I don't know what kind of body type you have OP. However if you are going to wear something like what you suggest make damn sure you have some sort of clothes over it.

I bring to mind two people who dressed a somewhat similar way initially at AC last year. One of them wore some thing like a full body spandex thing like you suggest doing, but he wore no clothes over it. It was the most disgusting thing I saw in the convention. You got a good outline of his ball-sack and the dude wasn't even in the correct kind of shape for it.

Another dude did a similar thing but he had the intelligence to wear clothes over it. So long as you are wearing clothes that cover your nether regions...and you at least try to be in decent shape it's not an all-over bad idea. Just don't end up like example 1.


----------



## Ozriel (Feb 9, 2011)

Trpdwarf said:


> I don't know what kind of body type you have OP. However if you are going to wear something like what you suggest make damn sure you have some sort of clothes over it.
> 
> I bring to mind two people who dressed a somewhat similar way initially at AC last year. One of them wore some thing like a full body spandex thing like you suggest doing, but he wore no clothes over it. It was the most disgusting thing I saw in the convention. You got a good outline of his ball-sack and the dude wasn't even in the correct kind of shape for it.
> 
> Another dude did a similar thing but he had the intelligence to wear clothes over it. So long as you are wearing clothes that cover your nether regions...and you at least try to be in decent shape it's not an all-over bad idea. Just don't end up like example 1.


 
I think you have to wear something like a cup in order to prevent your balls and penis having an unattractive outline in the spandex uniform.


----------



## dinosaurdammit (Feb 9, 2011)

Zeke Shadowfyre said:


> I think you have to wear something like a cup in order to prevent your balls and penis having an unattractive outline in the spandex uniform.


 
Then it just looks like you are hiding a small banana between your legs. More often than not people I see go sort of that route end up using a way to big cup making it seem that their dick is going to bust through that lycra with a vengeance- Kids do NOT need nor deserve to be exposed to that.


----------



## Furr (Feb 10, 2011)

Pretty much OP what everyone is saying is don't be this guy (@3:24)


----------



## Tango (Feb 10, 2011)

Furr said:


> Pretty much OP what everyone is saying is don't be this guy (@3:24)


 
Yeah...Thank you for the sleepless nights I'm going to have for the next couple of weeks. >_<


----------



## Lobar (Feb 10, 2011)

Unless you have a figure like Cheetara, do not wear spandex like Cheetara. :[


----------



## Grimfang (Feb 10, 2011)

I like spandex on people who can wear it well. If you don't work out, then I strongly advise against it. People get offended.

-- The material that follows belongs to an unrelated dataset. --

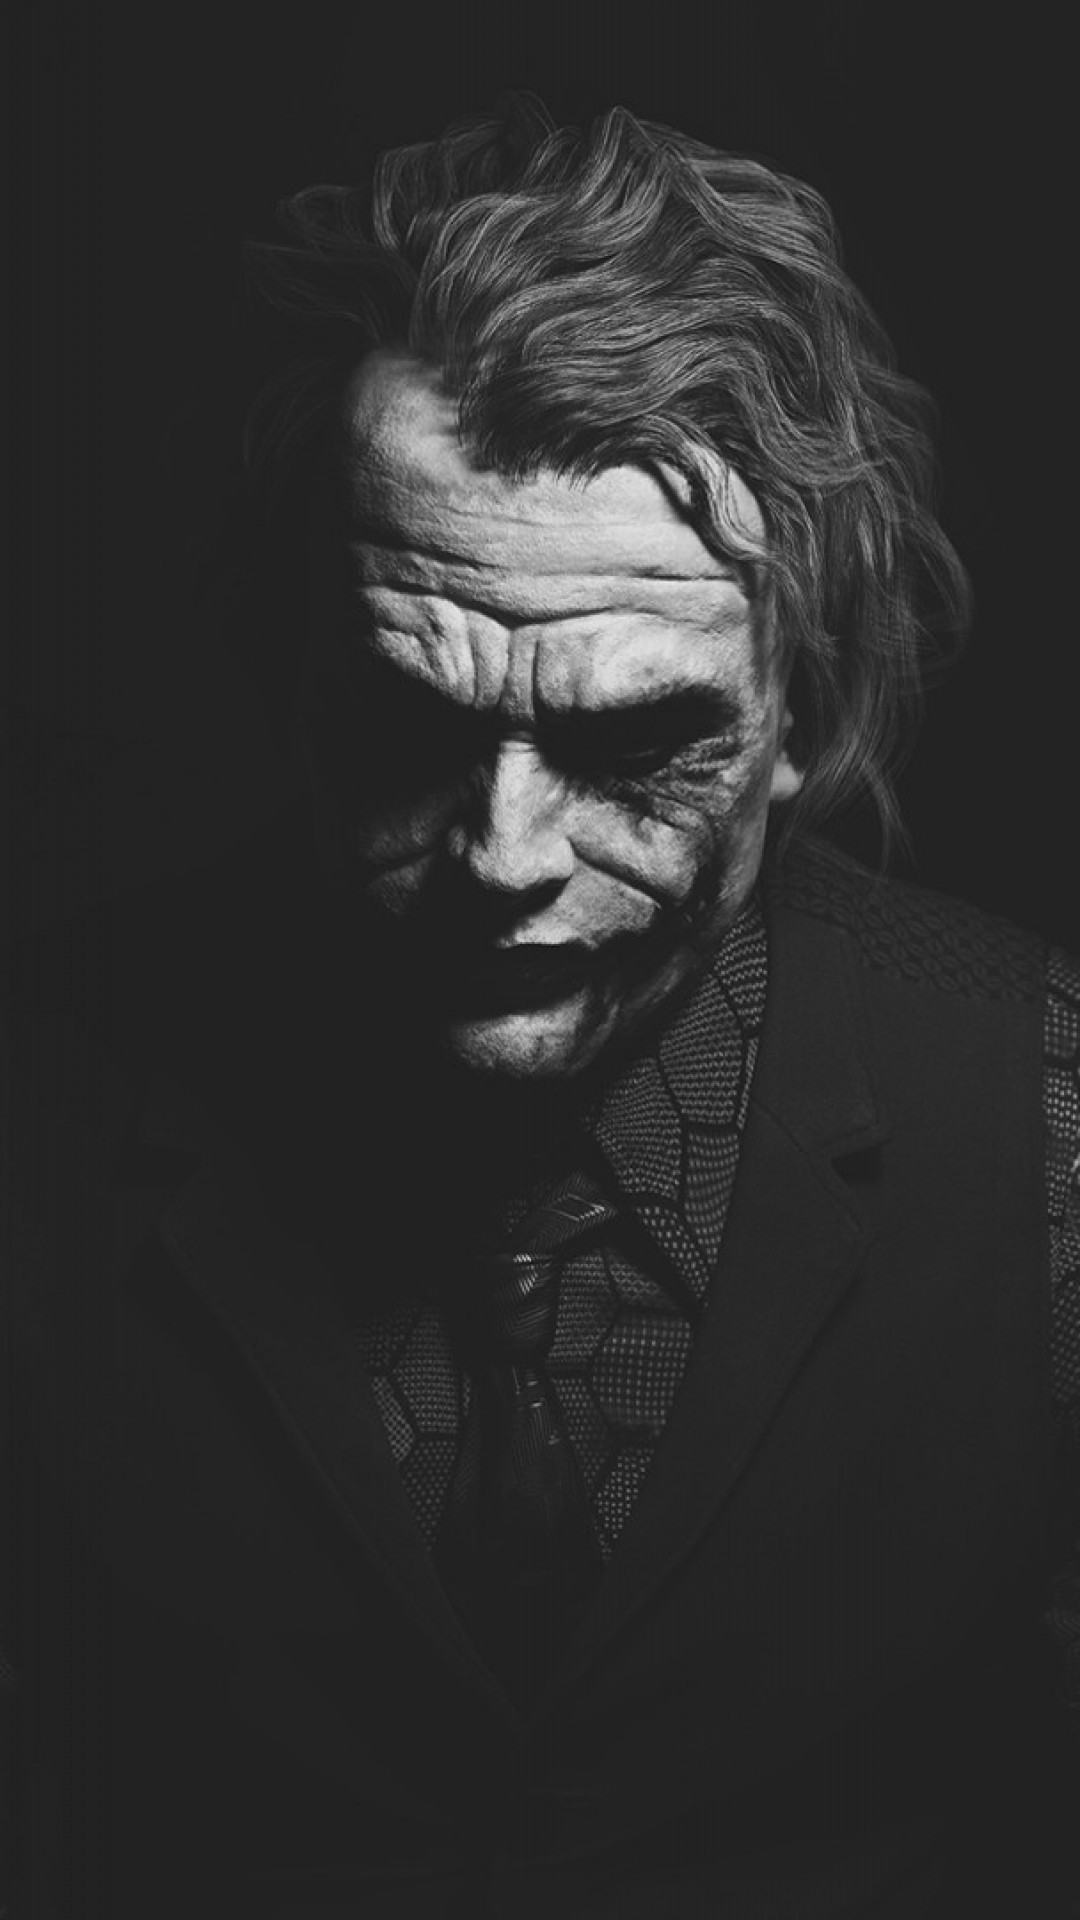 Heath Ledger, Joker, Monochrome, Batman - Joker Wallpaper Hd - HD Wallpaper

When it comes to cons, everyone expects the worst, although I do recall having come across a really good Deadpool.


----------



## Tango (Feb 10, 2011)

Grimfang said:


> I like spandex on people who can wear it well. If you don't work out, then I strongly advise against it. People get offended.
> 
> When it comes to cons, everyone expects the worst, although I do recall having come across a really good Deadpool.


 
Spandex is fine as long as you don't wind up looking like the Great Golden Gimp in the video that Furr posted the link. That was...disturbing.


----------



## Fay V (Feb 10, 2011)

Furr said:


> Pretty much OP what everyone is saying is don't be this guy (@3:24)


 I watched it and was all 
then I was all 8x


----------



## Grendel (Feb 10, 2011)

Because these "spendex suits" are called zentais and are generally worn ONLY as fetish gear and for sex. Plus they are super creepy. Plus most are sold with a GIANT OBVIOUS crotch zipper. The only zipper on the entire suit. there. in the crotch.

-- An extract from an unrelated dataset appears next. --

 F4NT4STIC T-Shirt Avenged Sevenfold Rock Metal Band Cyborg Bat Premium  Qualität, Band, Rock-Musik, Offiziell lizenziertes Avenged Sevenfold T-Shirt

[video=youtube;0K-sdnt3izY]http://www.youtube.com/watch?v=0K-sdnt3izY[/video]


----------



## Tango (Feb 10, 2011)

Yeah....Creepy.

Wait, I just thought of something! How about a 'shame award' at cons for creepy spandex suits like that? Call it the Golden Gimp Award!


----------



## Grimfang (Feb 10, 2011)

Tango_D said:


> Spandex is fine as long as you don't wind up looking like the Great Golden Gimp in the video that Furr posted the link. That was...disturbing.


 
Dammit. You made me look.



Grendel said:


> Because these "spendex suits" are called zentais and are generally worn ONLY as fetish gear and for sex. Plus they are super creepy. Plus most are sold with a GIANT OBVIOUS crotch zipper. The only zipper on the entire suit. there. in the crotch.



How the hell did that photo happen? XD
But I have to vouch for not being creeped out by zentai suits though.

And wtf, why did you edit your post to add that other shit in?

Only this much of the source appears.